KASUS PERETASAN SITUS PANDI OLEH SEPASANG BOCAH KEMBAR PONOROGO

KRONOLOGI KASUS   :
Peretasan situs Pengelola Nama Domain Indonesia (PANDI) terjadi pada tahun 2010 oleh sepasang bocah kembar  berinisial DBR dan ABR. Bocah kembar kelahiran tahun 1994 ini berasal dari Dusun Ploso Jenar, Desa Sumoroto, Kec. Kauman, Kab Ponorogo, Jawa Timur. Bocah kembar ini merupakan siswa lulusan program Kejar Paket C.

Ketua PANDI bidang Sosialisasi dan Komunikasi, Sigit Widodo mengakui saat itu sistem PANDi sedang burung sehingga rentan dibobol. DBR dan ABR masuk ke system PANDI pada tahun 2010.  Setahun kemudian, pengelola sistem PANDI menyadari sistem keamanannya rusak. Pandi pun melaporkan ke divisi Cyber Crime Kementrian Komunikasi dan Informatika. 
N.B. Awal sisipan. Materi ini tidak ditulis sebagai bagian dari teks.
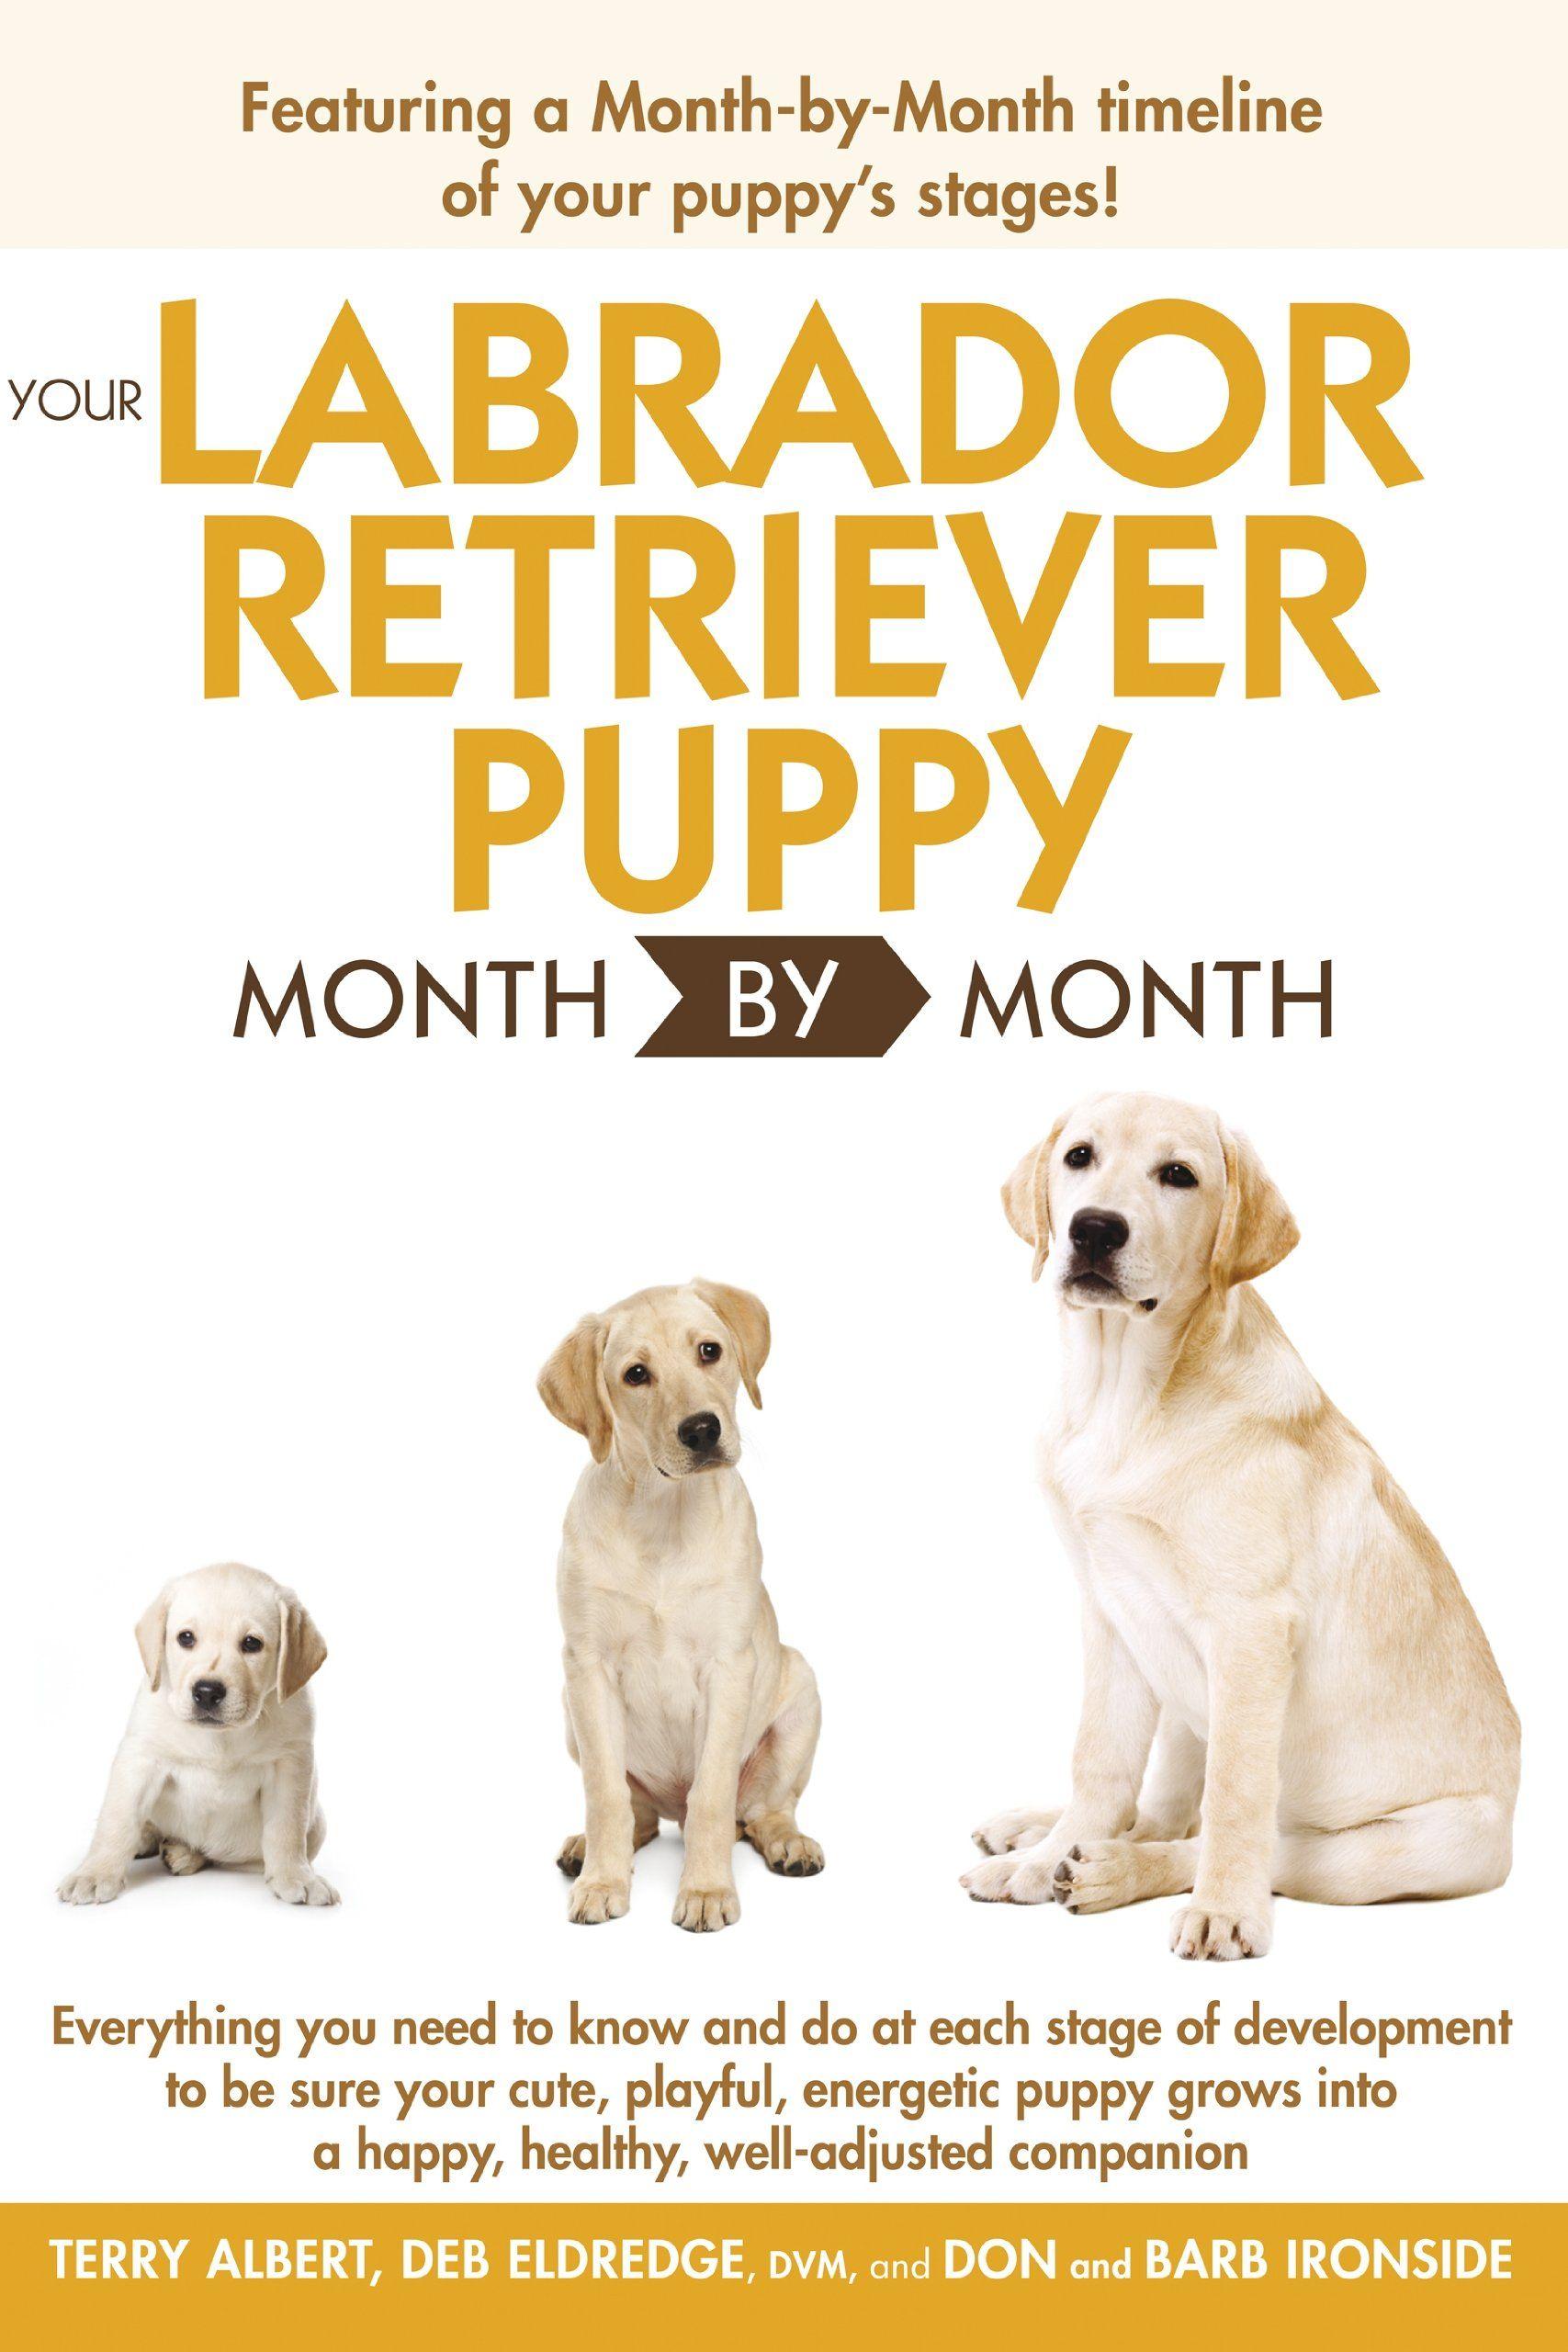 Your Labrador Retriever Puppy Month By Month Debra Eldredge Terry Albert Amazon Com Labrador Retriever Labrador Retriever Puppies Labrador Puppy

Mereka masuk ke system PANDI namun tidak merusak. Mereka hanya menduplikasi nama domain dan diaktifkan secara illegal tetapi tidak dikomersilkan (dijual). Domain – domain yang telah mereka aktifkan juga tidak pernah diisi apa – apa.
Mereka melakukan pembobolan situs PANDI hanya memanfaatkan fasilitas gratis dari Mozilla, mereka menggunakan software tamper data (plug – in gratis Mozilla).


TINDAK HUKUM     :
Kasus peretasan situs PANDI ini sebenarnya sudah terjadi sejak tahun 2010, namun baru disidangkan kembali pada tahun 2014.
Hakim di pengadilan Ponorogo mendakwa dua tersangka dengan dakwaan Primair pasal 48 (1) jo pasal 32 (1) uu no.11/2008 tentang informasi dan transaksi elektronik jo pasal 55 (1) KUHP dengan ancaman hukuman maksimal 8 tahun penjara dengan denda maksimal Rp2 miliar. Juga dakwaan subsidair 46(1) jo pasal 30(1) uu 11/2008 jo pasal 55 KUHP dengan ancaman 6 tahun penjara dan denda Rp600 juta.

ANALISA KASUS   :
  # Menurut analisa saya, kasus peretasan situs Pengelola Nama Domain Indonesia ini tergolong cyber crime dalam jenis Unauthorized Access to Computer System and Service, karena kedua bocah kembar tersebut memasuki sistem Pengelola Nama Domain Indonesia tanpa seizin atau tanpa sepengetahuan pemiliknya.
   
   # Kasus peretasan ini juga bisa di kategorikan ke dalam jenis cyber crime sebagai tindak kejahatan abu – abu, karena pelaku melakukan  pembobolan situs tetapi tidak merusak sistem.

# Menurut hakim, tersangka mendapat dakwaan Primair pasal 48 (1) jo pasal 32 (1) uu no.11/2008 tentang informasi dan transaksi elektronik jo pasal 55 (1) KUHP dengan ancaman hukuman maksimal 8 tahun penjara dengan denda maksimal Rp2 miliar. Juga dakwaan subsidair 46(1) jo pasal 30(1) uu 11/2008 jo pasal 55 KUHP dengan ancaman 6 tahun penjara dan denda Rp600 juta.

Namun jika di lihat dari kronologi kasusnya, dakwaan tersebut terlalu berlebihan untuk anak di bawah umur seperti ABR dan DBR, mengingat tersangka tidak mendapatkan pendidikan secara formal melainkan hanya siswa lulusan pendidikan program kejar paket C. kedua bocah kembar ini juga melakukan pembobolan hanya melalui software gratisan dari Mozilla dan mereka tidak melakukan perusakan terhadap sistem. 
Pembobolan ini justru dirasa membantu pengelola sistem PANDI dalam menemukan celah ketidaksempurnaan sistem dan dapat segera dilakukan  perbaikan sistem.
Alangkah baiknya jika pelaku di berikan hukuman yang sifatnya lebih mendidik melihat potensi anak di dunia IT sangat mumpuni.